(Stored data)

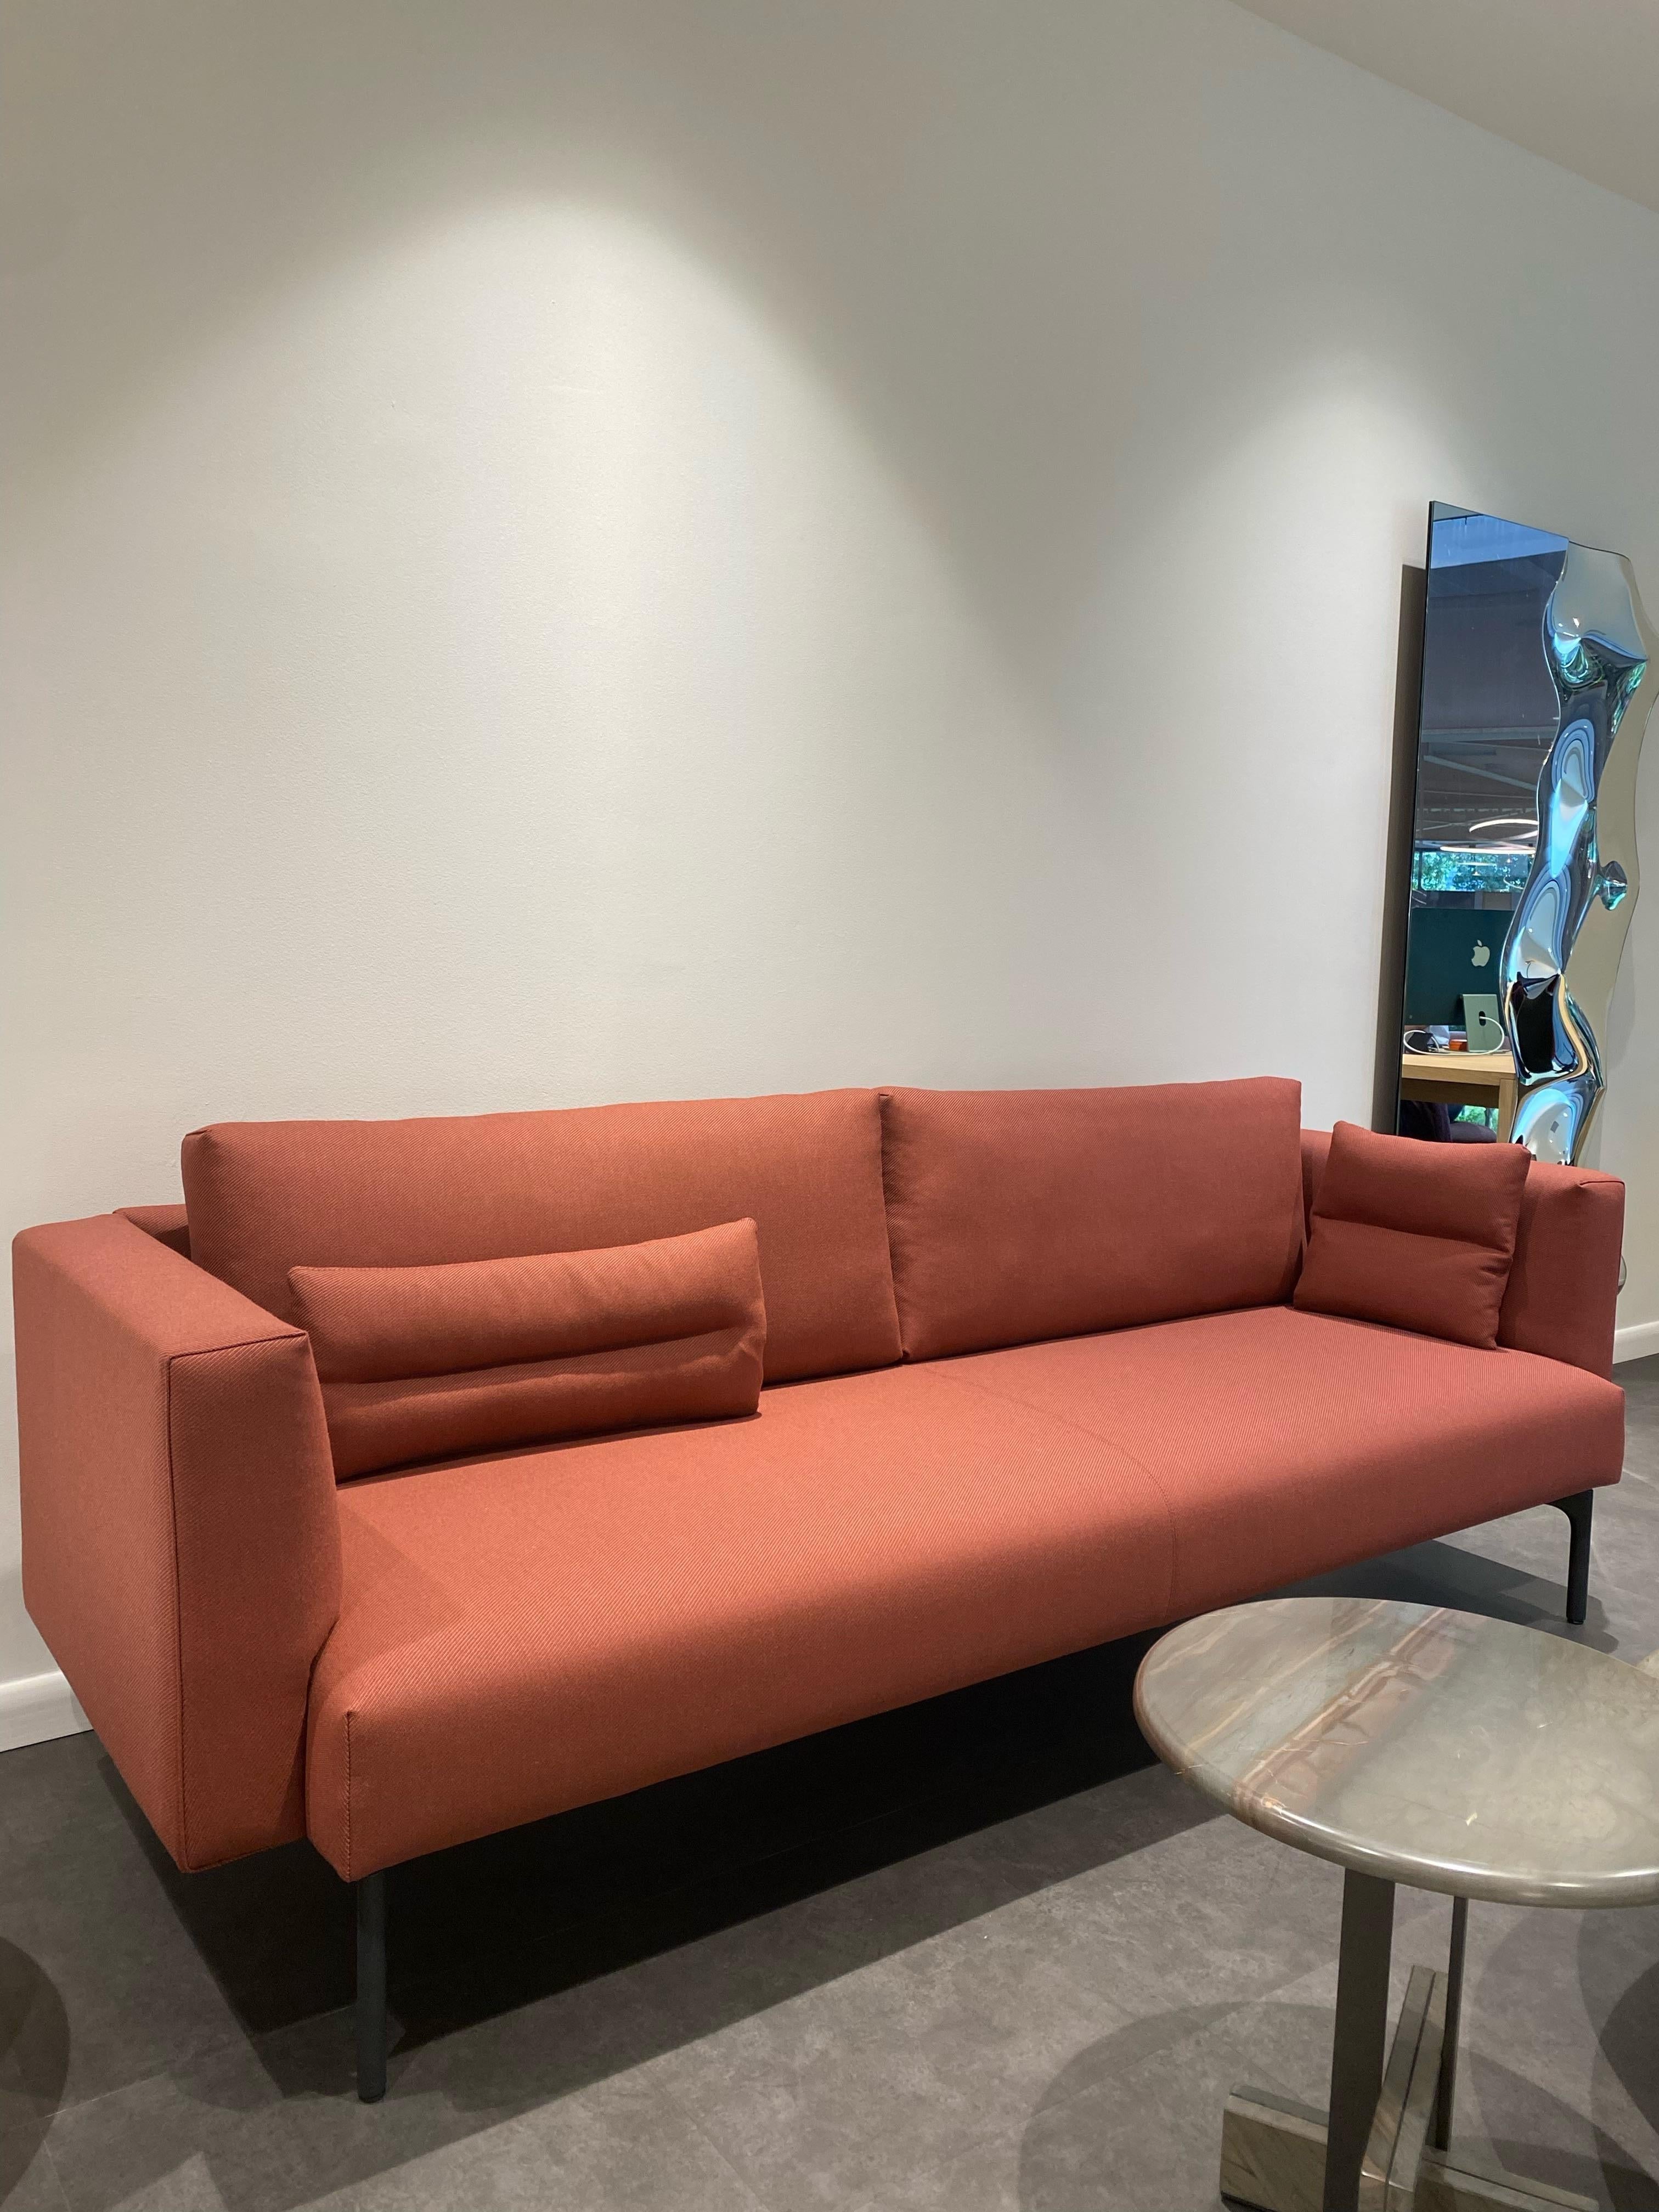 Arris BA 402 sofa 3-seater wide arms
Fabric not standard(name
fabric/colour/supplier) Twill
Weave by Kvadrat (FF) color 570

Height seat 43cm
Powdercoat colour P57 / Black grey RAL 7021
(structure)
Gliders Plastic gliders
Cushions included in the
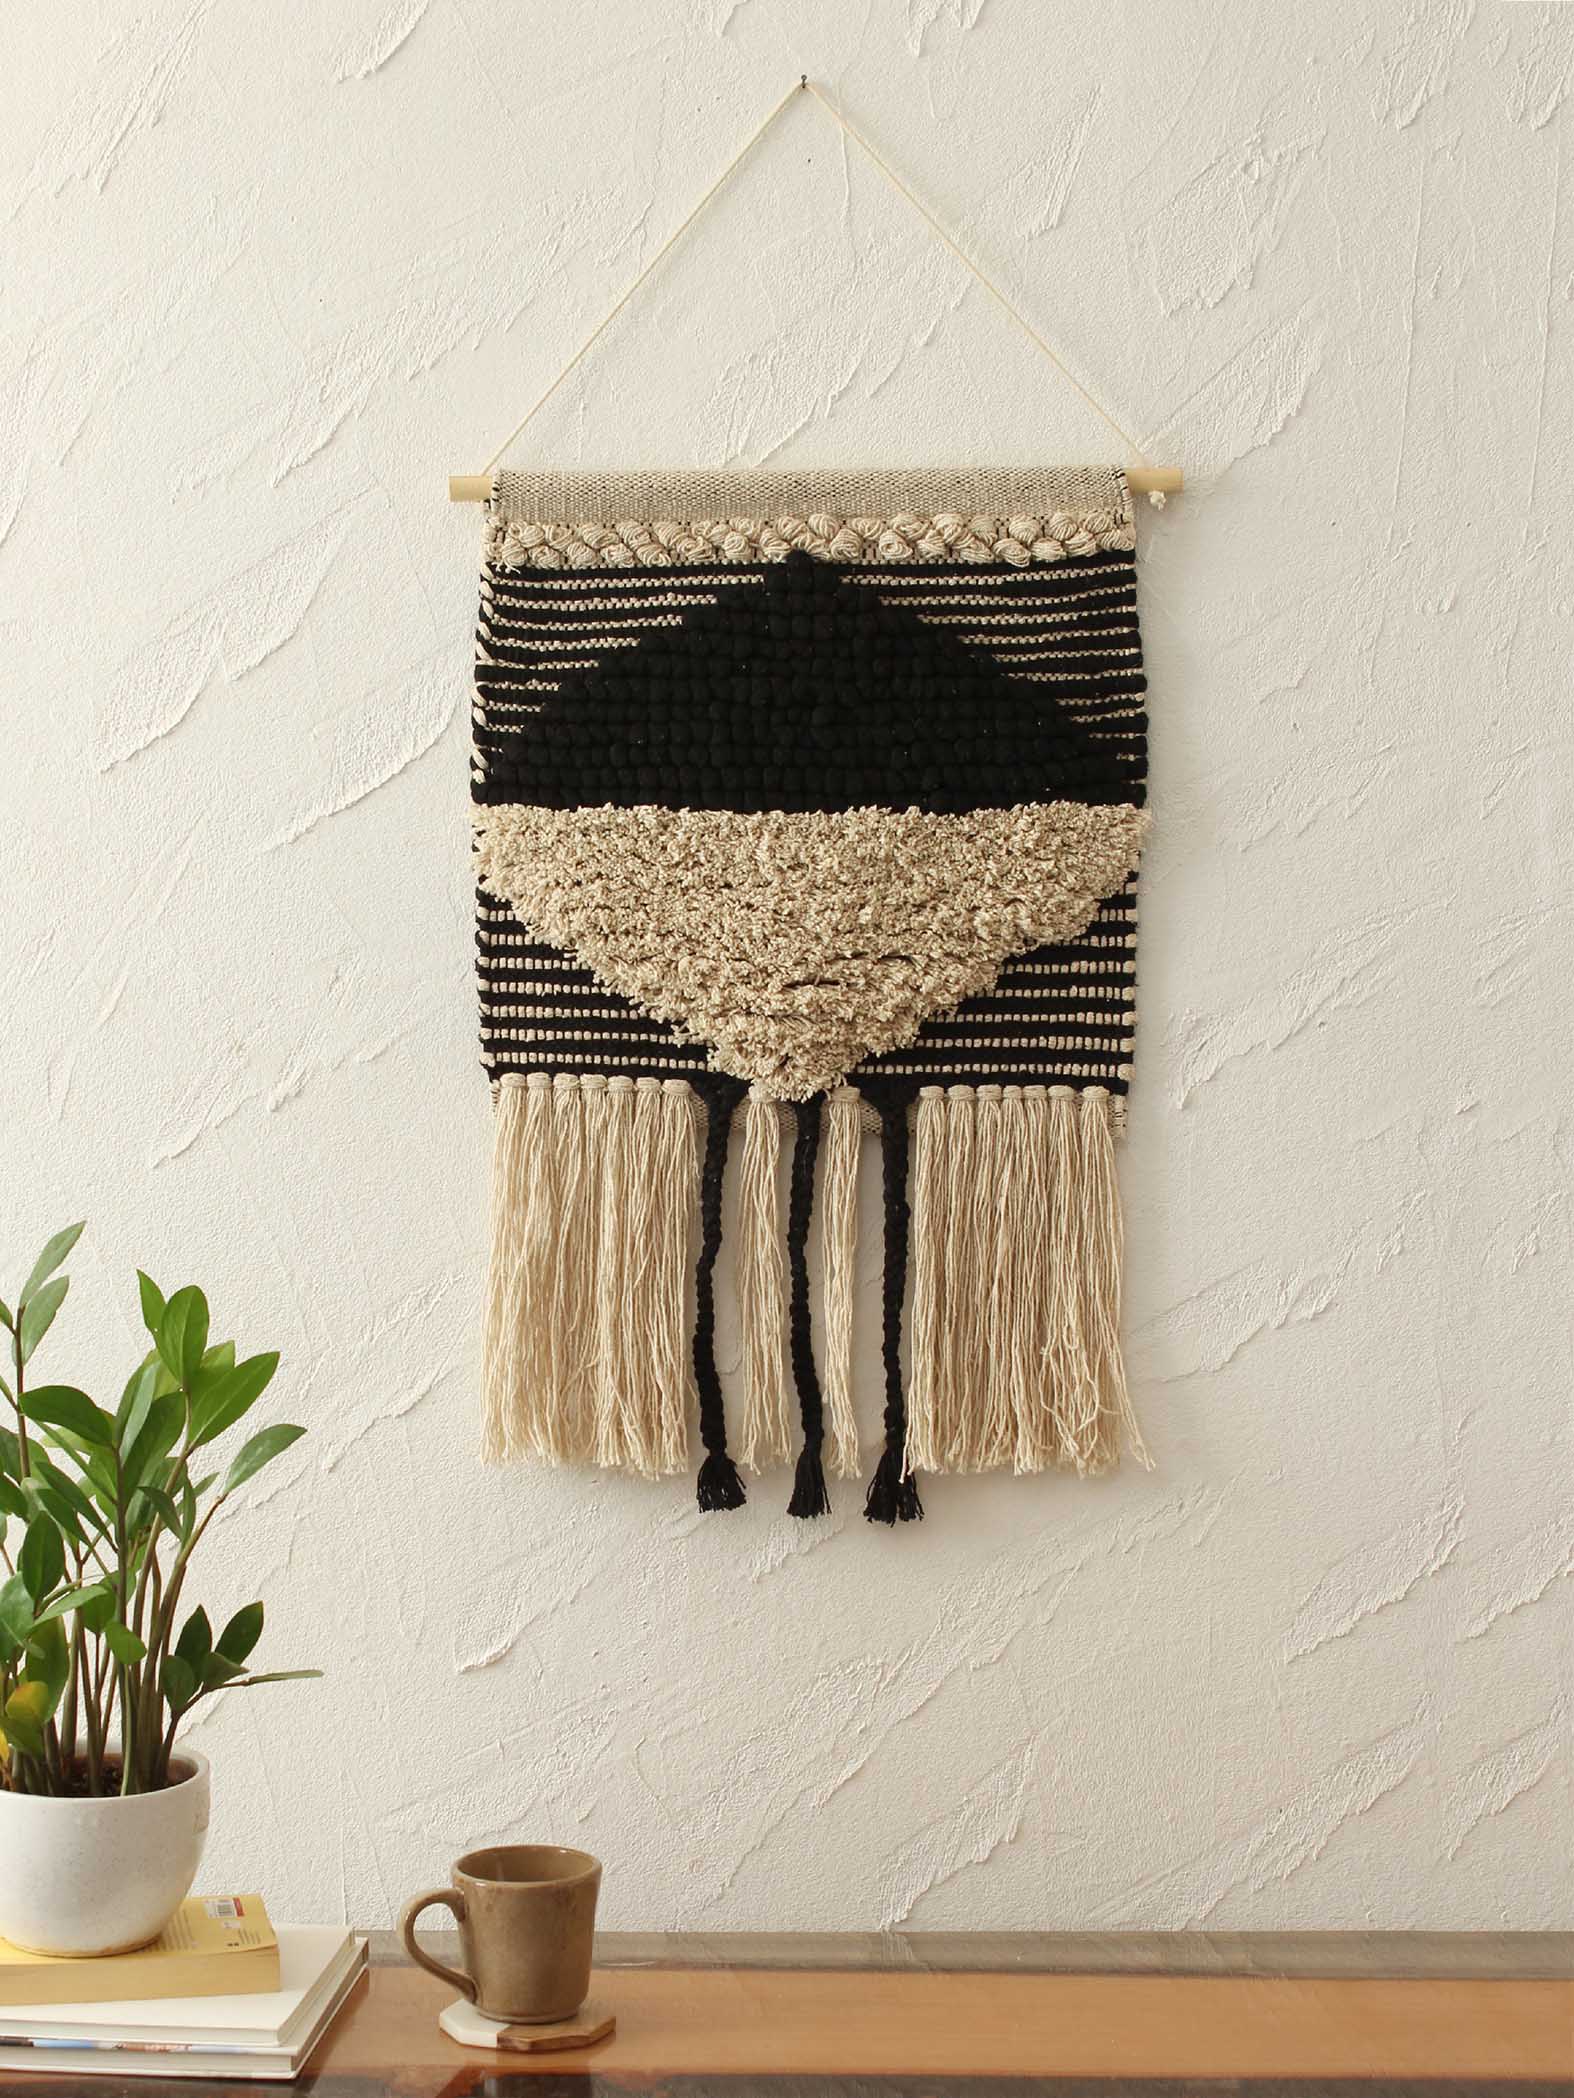 Kani Wall Hanging By House This

* HOW TO COMPLETE THIS TASK: Exact copies of all the entries are needed; output them without the pictures.

* ANSWER BOX:
 Arris BA 402 sofa 3-seater wide arms
Fabric not standard(name
fabric/colour/supplier) Twill
Weave by Kvadrat (FF) color 570

Height seat 43cm
Powdercoat colour P57 / Black grey RAL 7021
(structure)
Gliders Plastic gliders
Cushions included in the
 Kani Wall Hanging By House This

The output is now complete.